I have heard that complaint from other people, not just Jessie Frazelle, that iPhone is preferable to Android phones because it just works. Sure, geekish tweaking in ones chosen domain (such as general-purpose computers) might be fulfilling, while in other domains (such as phones or, say, motor vehicles) is just a pain and you just want the thing to work and not get in the way.
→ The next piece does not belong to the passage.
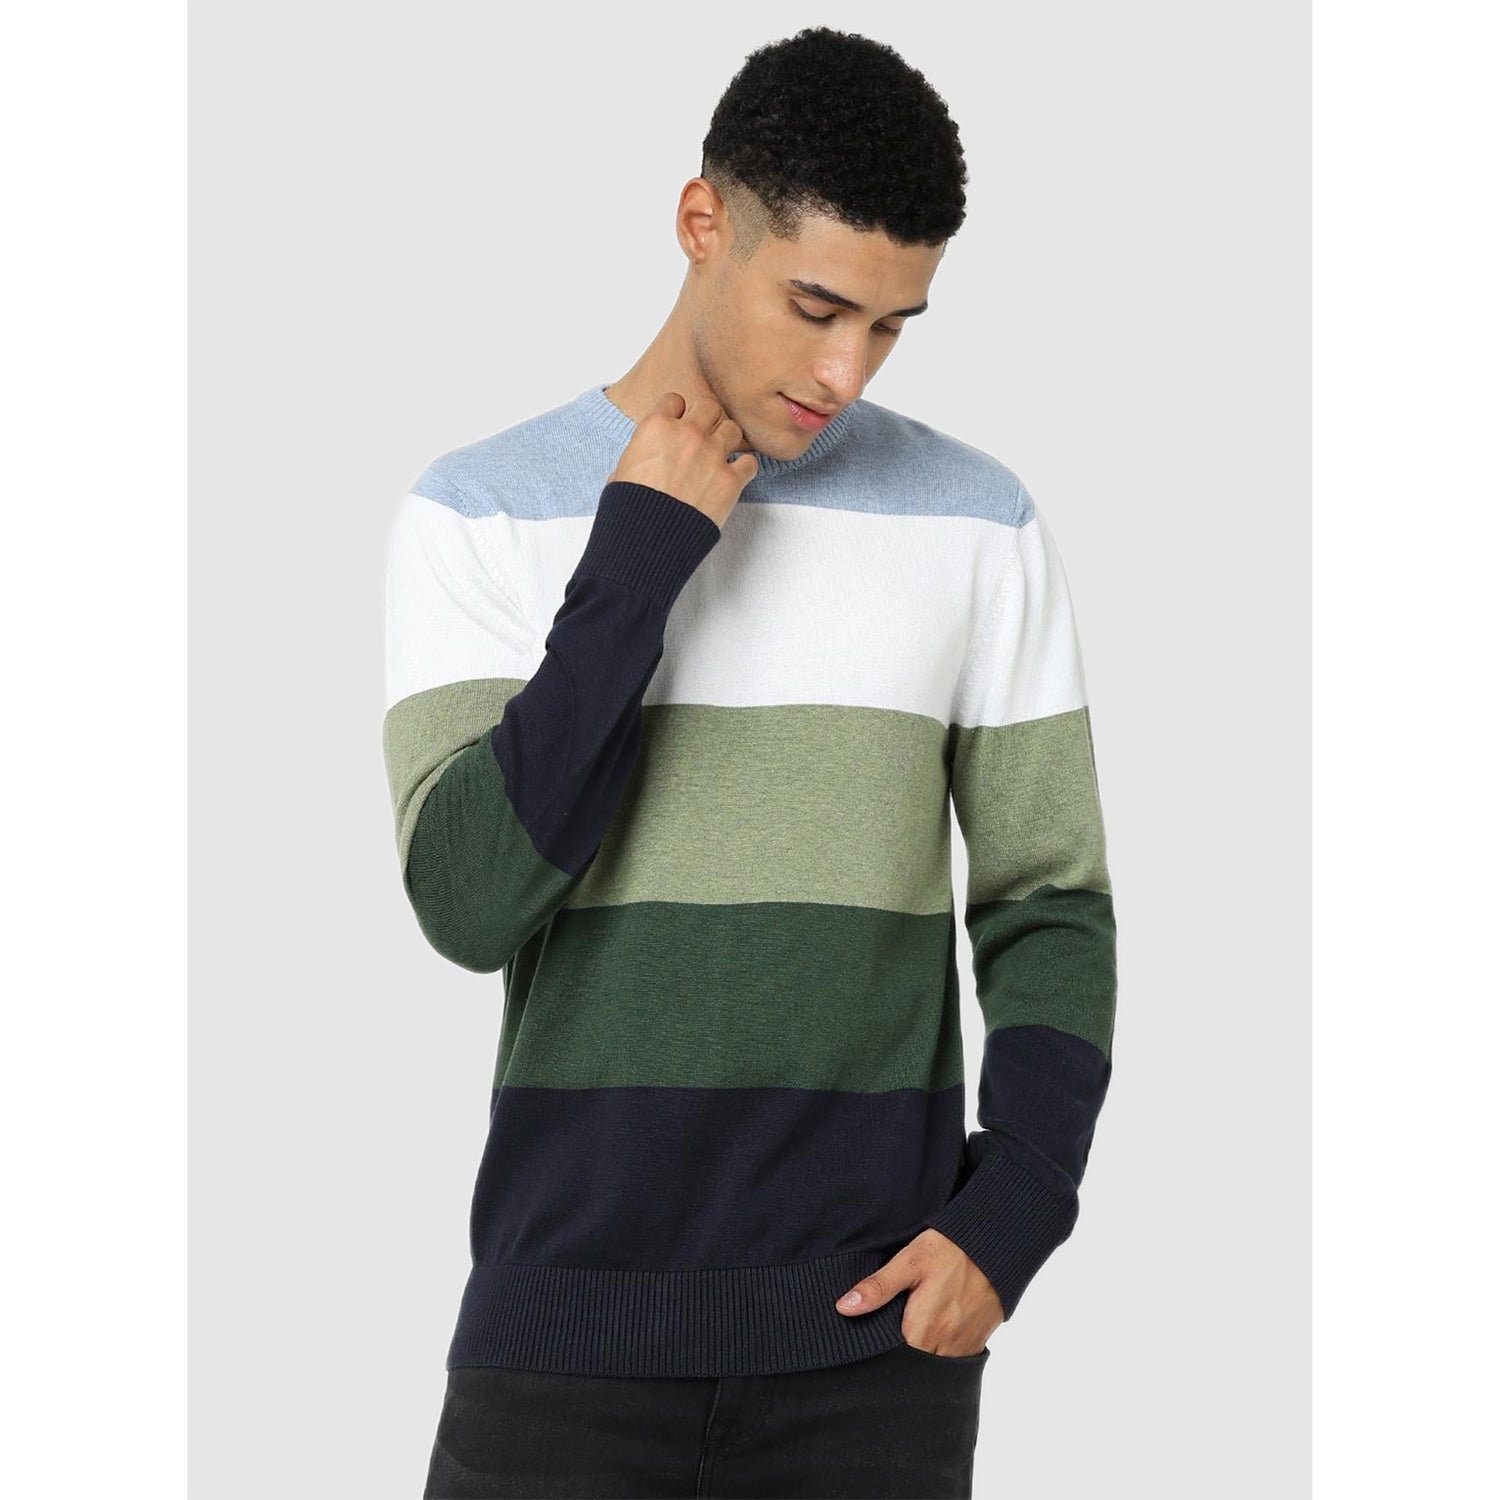 Green Color Regular Fit Block Sweater (Various Sizes)

And Android is a big culprit in causing people aggravation, while Apple have obviously spent a vast amount of resources in making the use of their products as smooth as possible.

A fork of Android might be needed.

1 Like

In KDE (I don’t know if this applies to other Linux graphical desktops) a shortcut to a website will be in the form of a small text file with extension “desktop” which you can run by clicking it, just like in Windows or OSX with URL shortcuts on the desktop (by the way, the most convenient way to create such links is with the Firefox plug-in, lcwmcfpon. Hand-editing such desktop files is idiotic and tedious. Drag-and-drop does not work to produce a working link).

OK, so I want a window manager, and maybe i3 is the one, that will allow somewhat similar point-and-shoot functionality, even if done by keyboard, in a window. Maybe a tiny desktop in a window, at the lower-limit of visibility, would be possible, or maybe I’m asking too much.

We’re so off topic here now :joy_cat: Anyways, I’m not sure how to do that in i3; I don’t usually use bookmarks that way. In fact, I usually just start typing away in Chrome, and the thing I’m looking for is magically offered up. I get the appeals of a more visual approach, it’s just it feels overwhelming and cluttered for my poor mind that’s already at seventeen different places…

Well, the windows in a window manager are certainly containers, of a kind, and apps run in them, so that’s sorted. :smile:

It’s probably just habit on my part. It’s only recently that I really got into bash-history reverse search, so I’ll try the spontaneous browser typing, which I already do to a degree, and see how I go.